GIVEN INFORMATION »
Start of Block

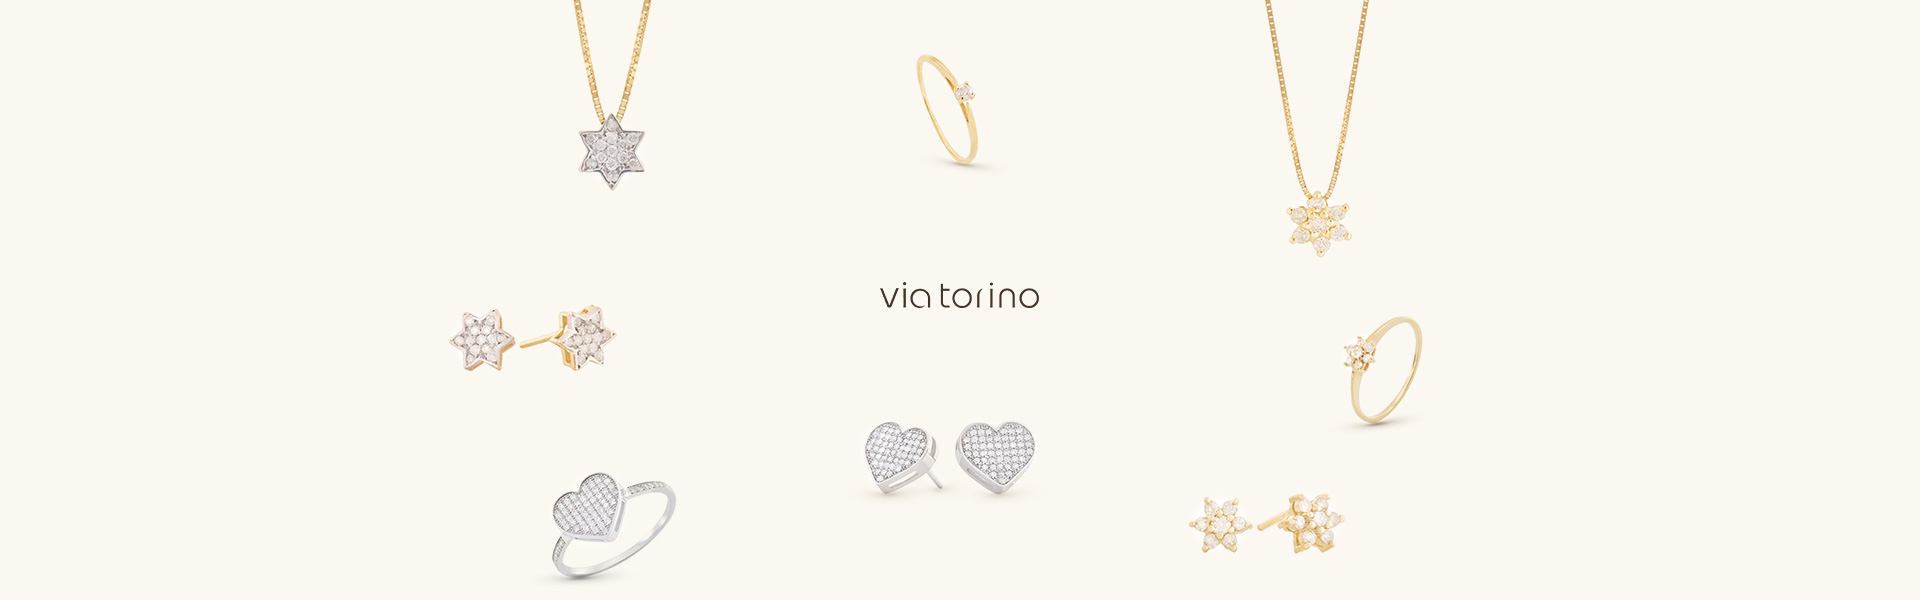 banner_viatorino
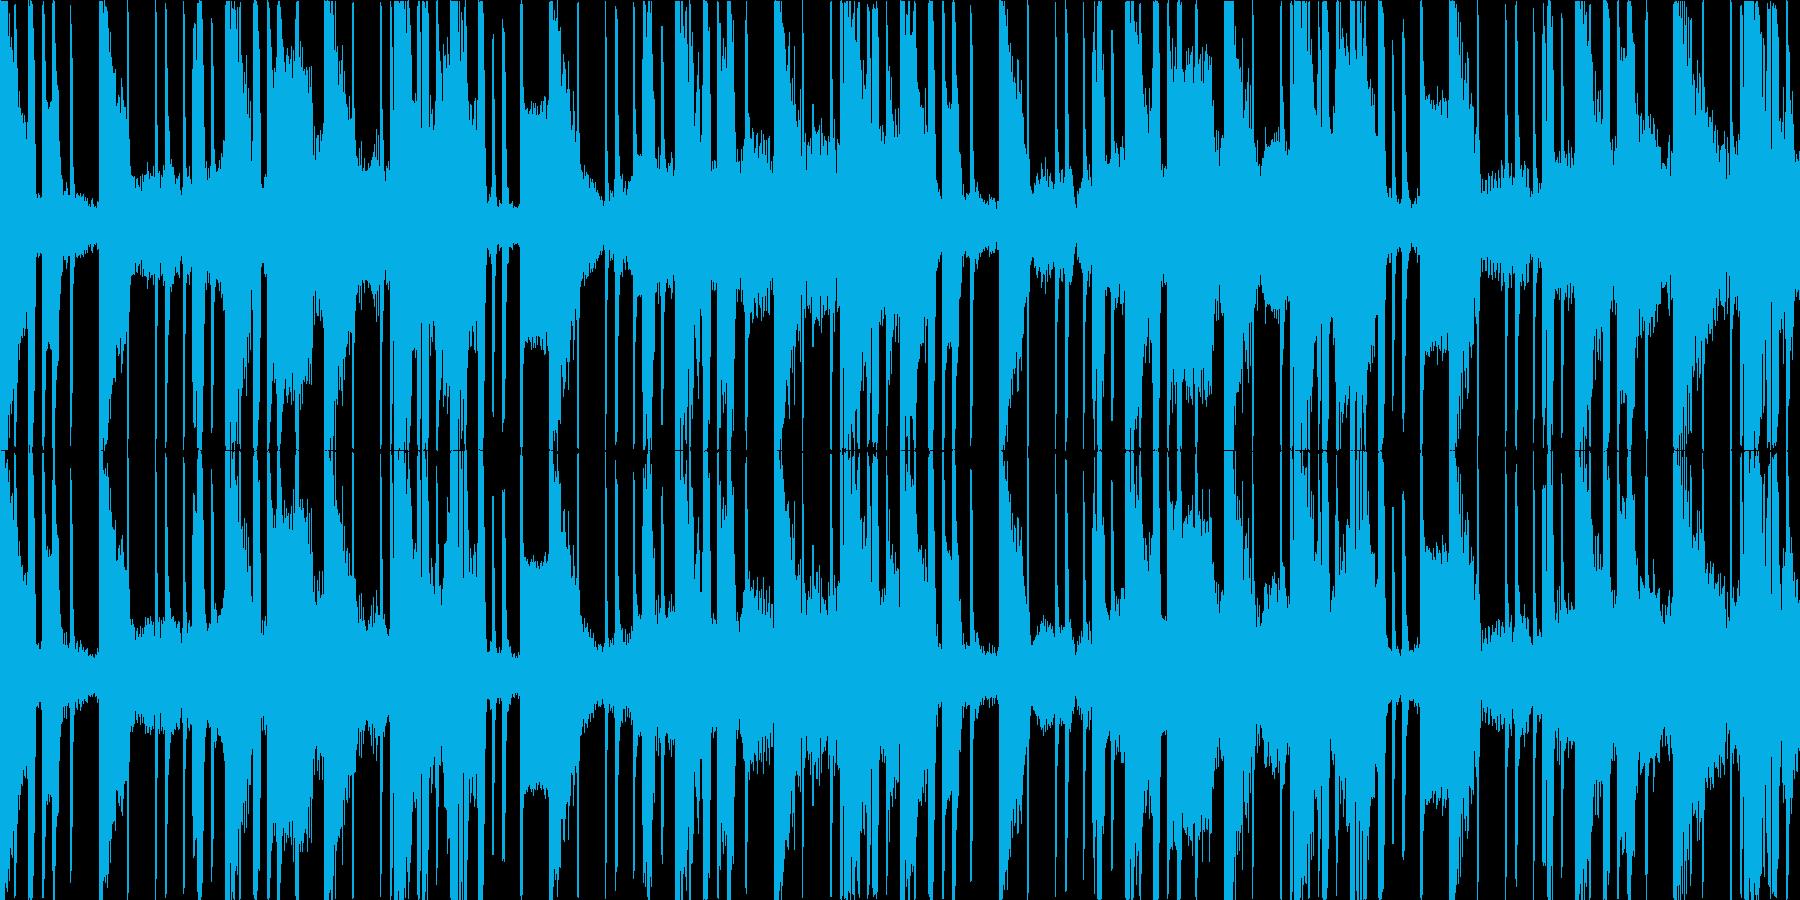 2step風の簡素なループ。低域強め。の再生済みの波形
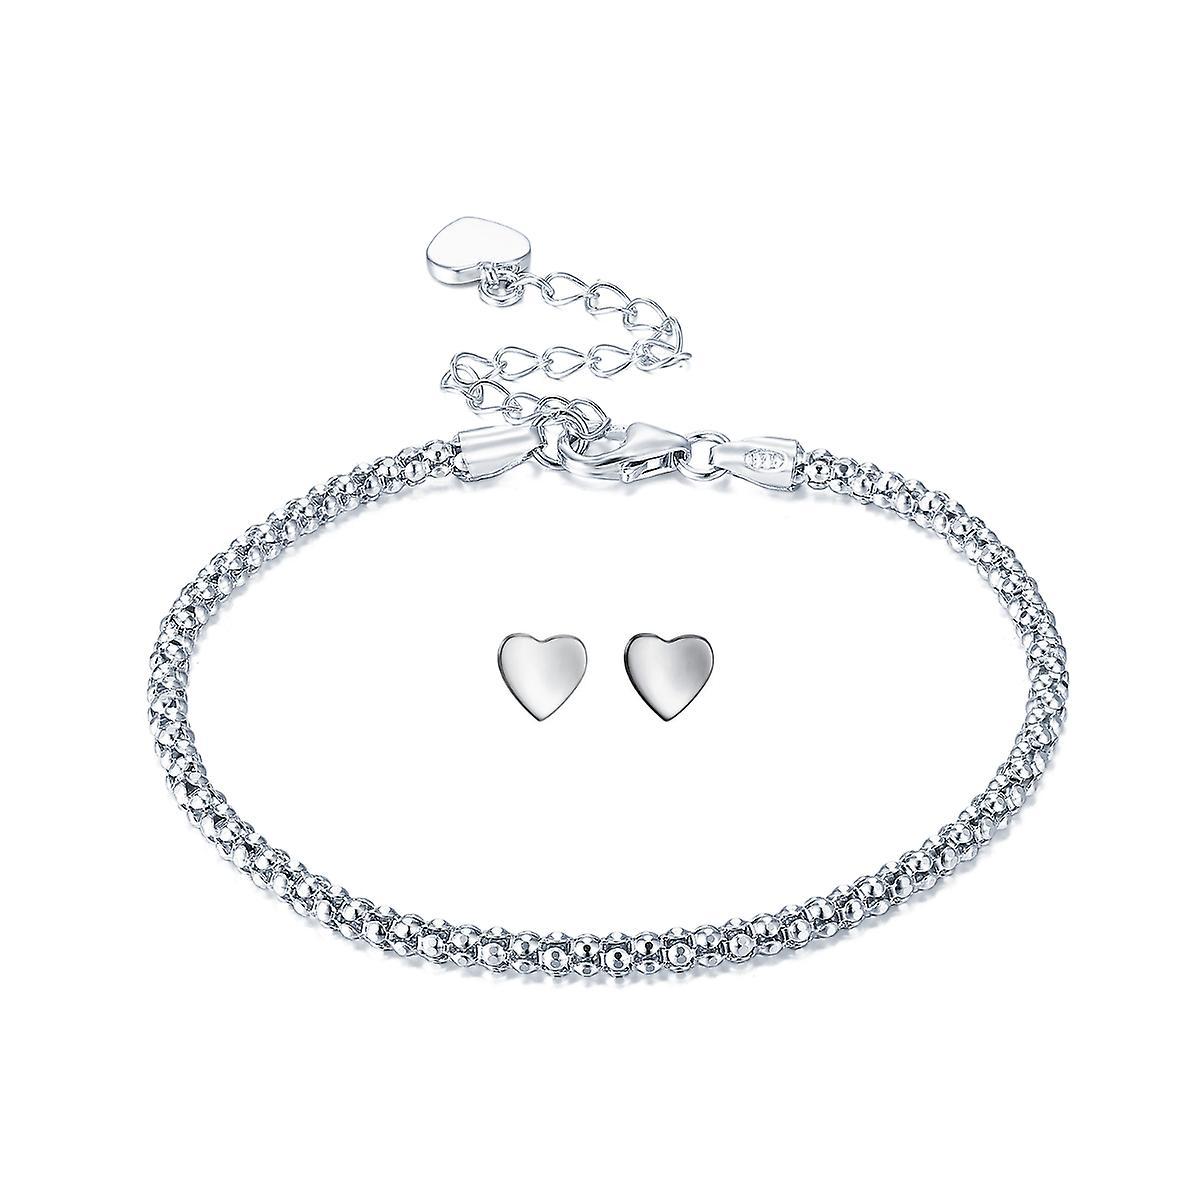 925 Sterling Silver Simple Style Popcorn Bracelet With Studs
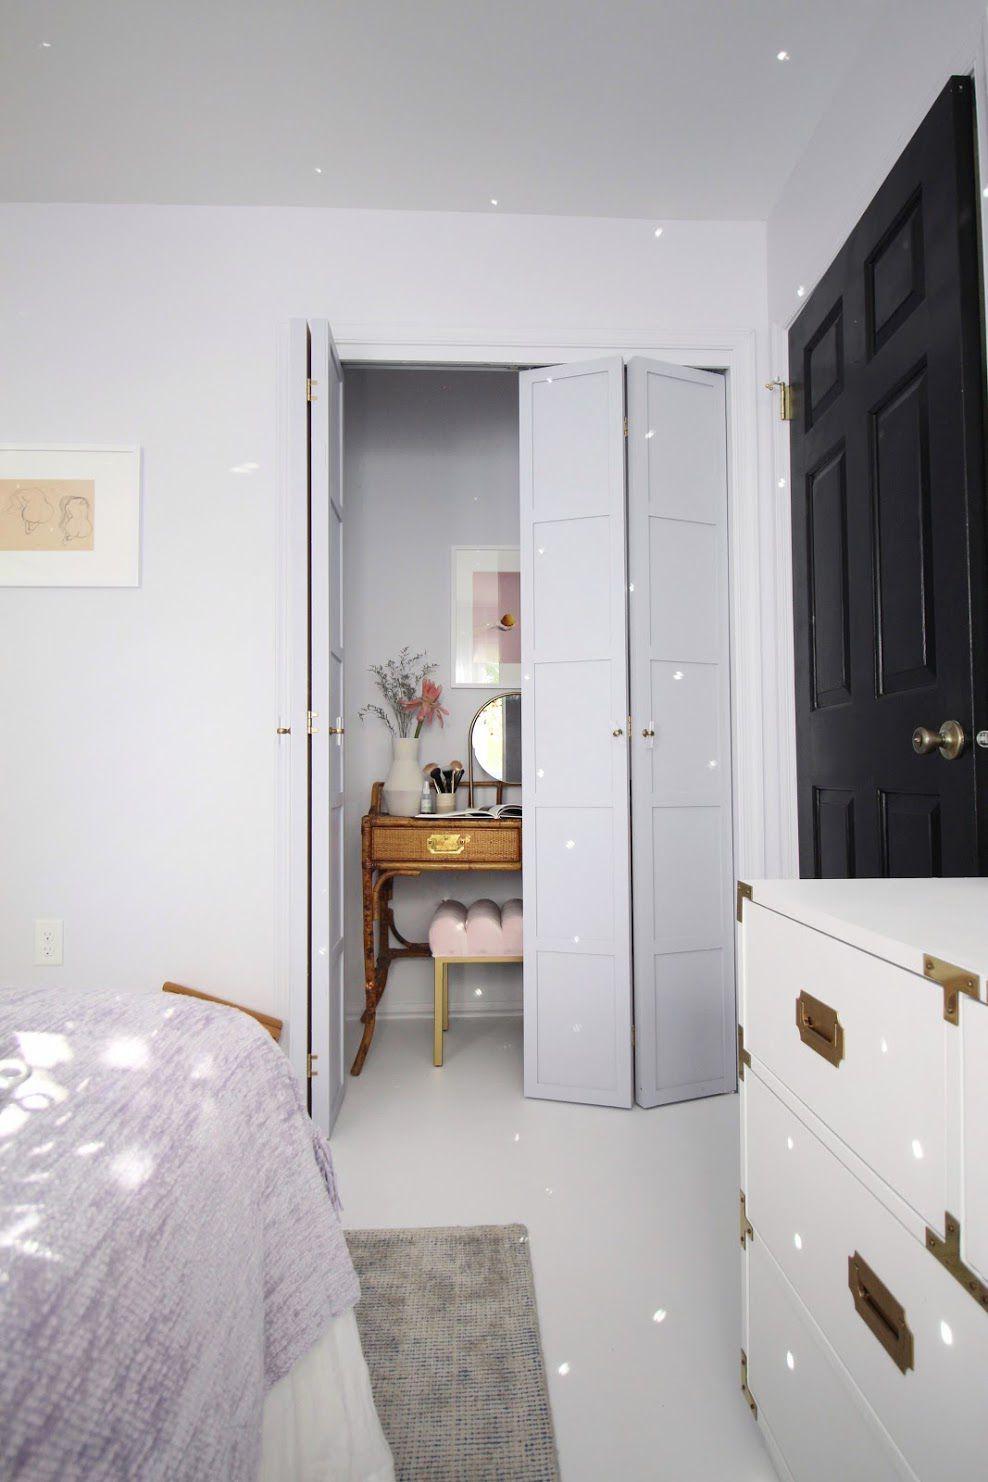 A bedroom with lavender walls and a lavender closet door

End of Block

WHAT THE TASK REQUIRES »
Starting at the line that holds "2step風の簡素なループ。低域強め。の再生済みの波形", reproduce each line through the last one of the listing, and nothing more; the pictures stay out.

YOUR SOLUTION »
 2step風の簡素なループ。低域強め。の再生済みの波形
 925 Sterling Silver Simple Style Popcorn Bracelet With Studs
 A bedroom with lavender walls and a lavender closet door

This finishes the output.